Employee volunteering is another opportunity presented by a charity relationship, as is payroll giving. But even employees who don't participate in any of the above might still feel good about the fact their employer is committed to a charity and an associated social issue.
But for a business-charity partnership to genuinely work, the benefits must be mutual. Both organisations' objectives must be understood and a positive relationship based on that understanding must be established. This sounds obvious, but too often it doesn't happen. Too often the charity is viewed as just another supplier.
I've recently come across a couple of examples where a charity partner has been more like a supplier in disguise:
The UK division of an international engineering company held a two-day offsite conference with a team of 50 to discuss business issues and develop the team. They chose to do the latter by engaging in a project with a very small community regeneration charity with just two employees. The half-day project involved developing an understanding of the charity's strategic challenges and brainstorming solutions to those challenges.

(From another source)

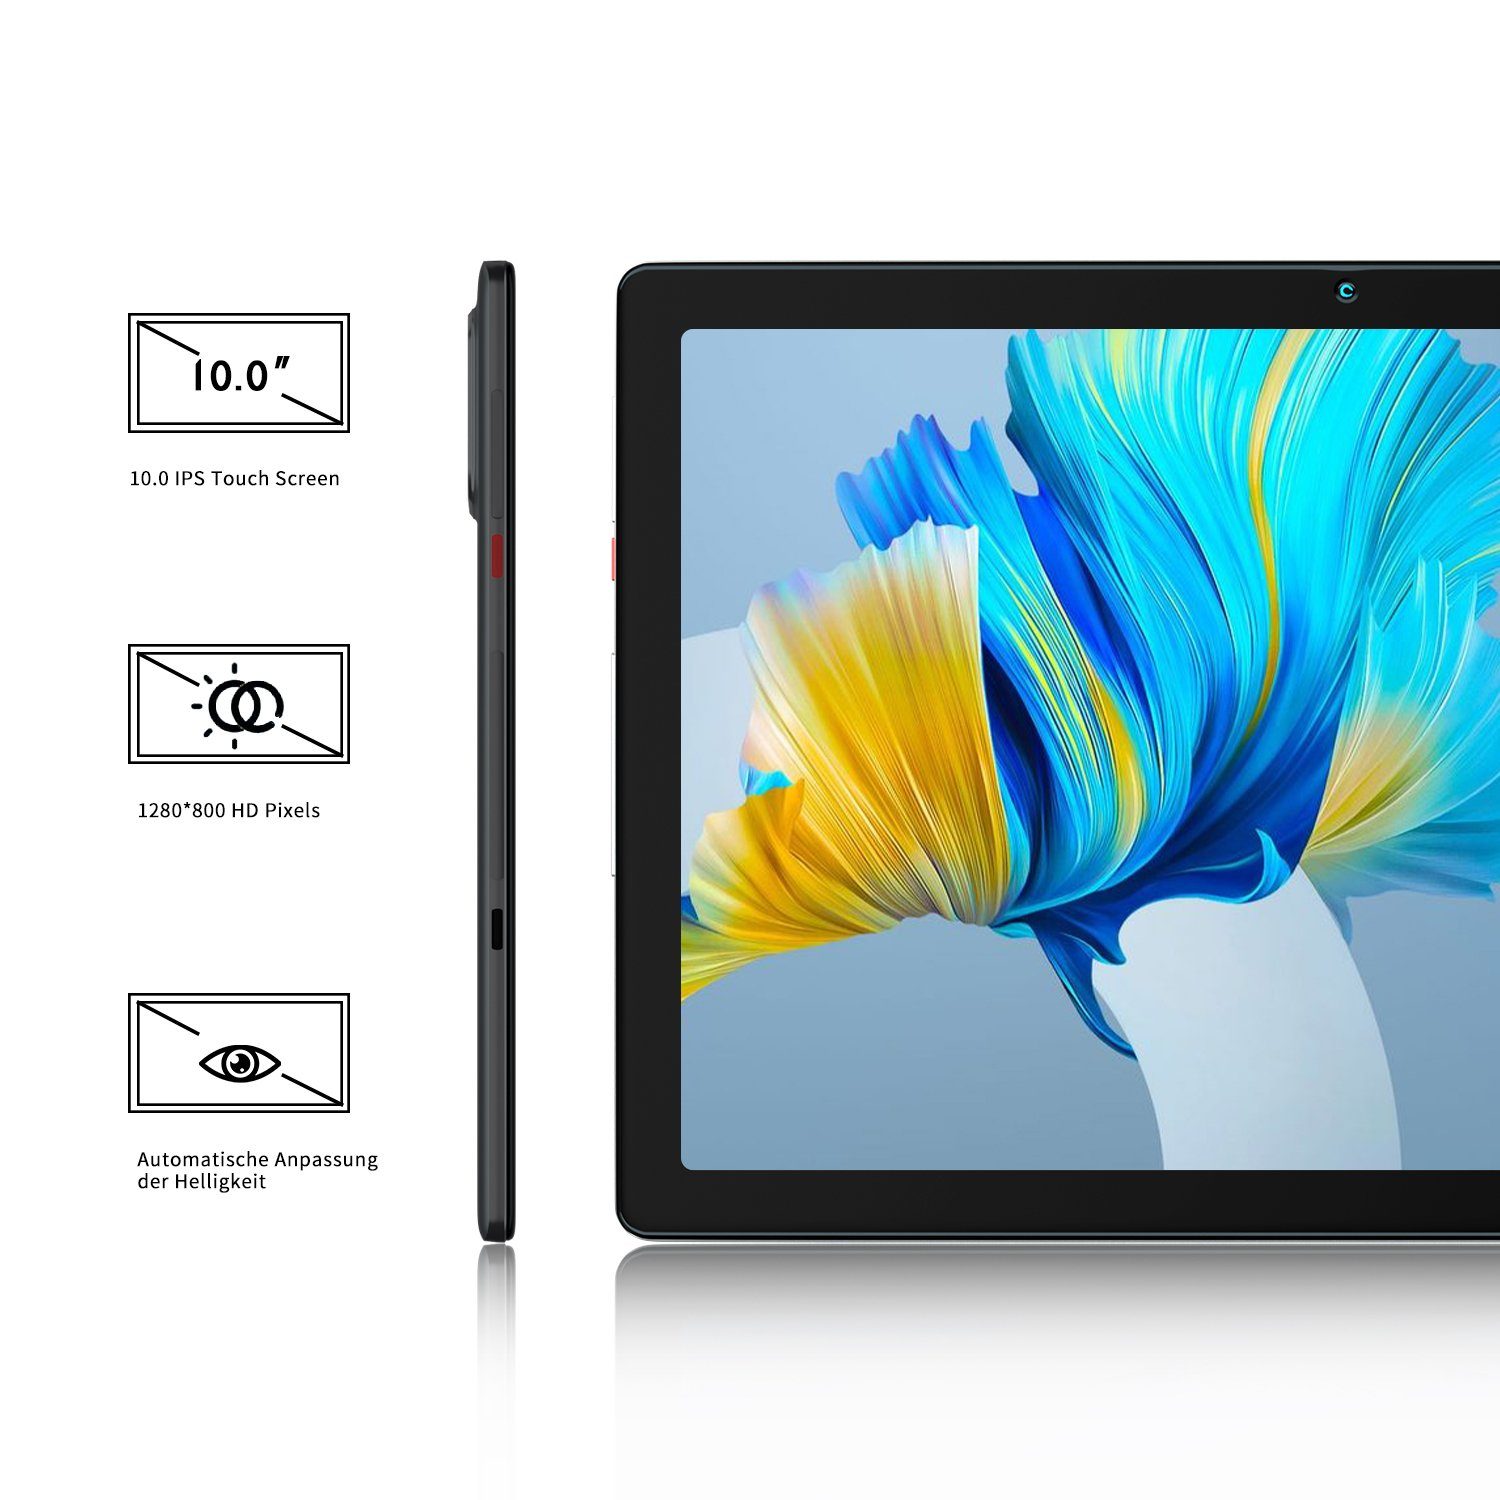 GB, 12, BUFO grau MB1001 32 Android Auflösung) Tablet (10,1", hohe

It all sounds good, but on closer inspection it arguably worked better for the company than the charity. Why?
- Mismatch of resources - 50 business brains on the issues of a very small ‘kitchen table' charity with limited capacity to implement those ideas was a mismatch. It was quantity, not quality.

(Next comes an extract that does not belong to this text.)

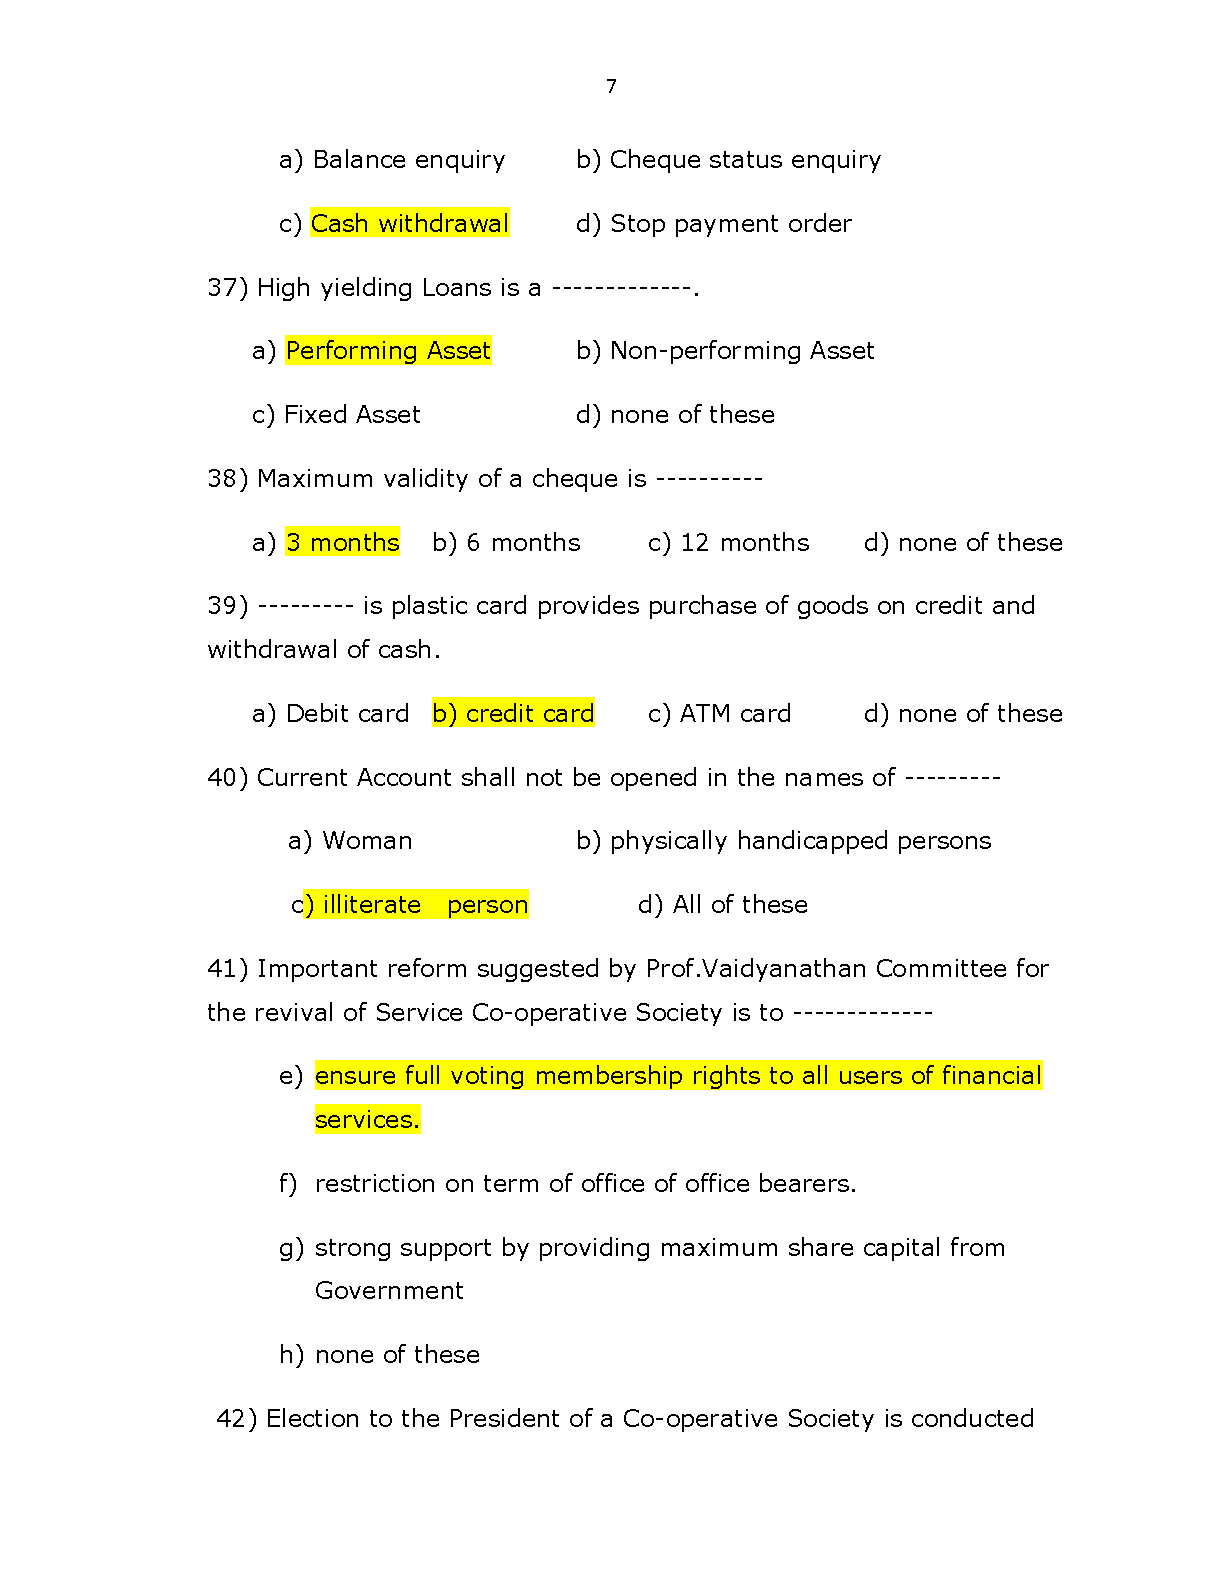 Kerala Co operative bank recruitment Sample Question Paper - Notification Image 7

- An event, not a partnership - this was essentially a half-day teambuilding exercise, in which the charity was the project provider, with no guarantee of an ongoing relationship.
So while corporate objectives were satisfied - the event worked well for the company and participants had a good experience - tangible benefit to the charity was by no means guaranteed.
And last year an environmental charity started a relationship with a major corporate organisation. But rather than signing a ‘partnership agreement', the company insisted on making it a ‘service delivery contract' - just as they would with a supplier of services.
Their objective was to guarantee employee volunteering opportunities for a target number of employees over a target number of days - with little consideration for the charity's broader objectives and for the actual need for the volunteering. The charity felt compelled to agree, rather than to lose the relationship altogether, so they simply see themselves as a supplier of projects in a non-dynamic, transactional relationship.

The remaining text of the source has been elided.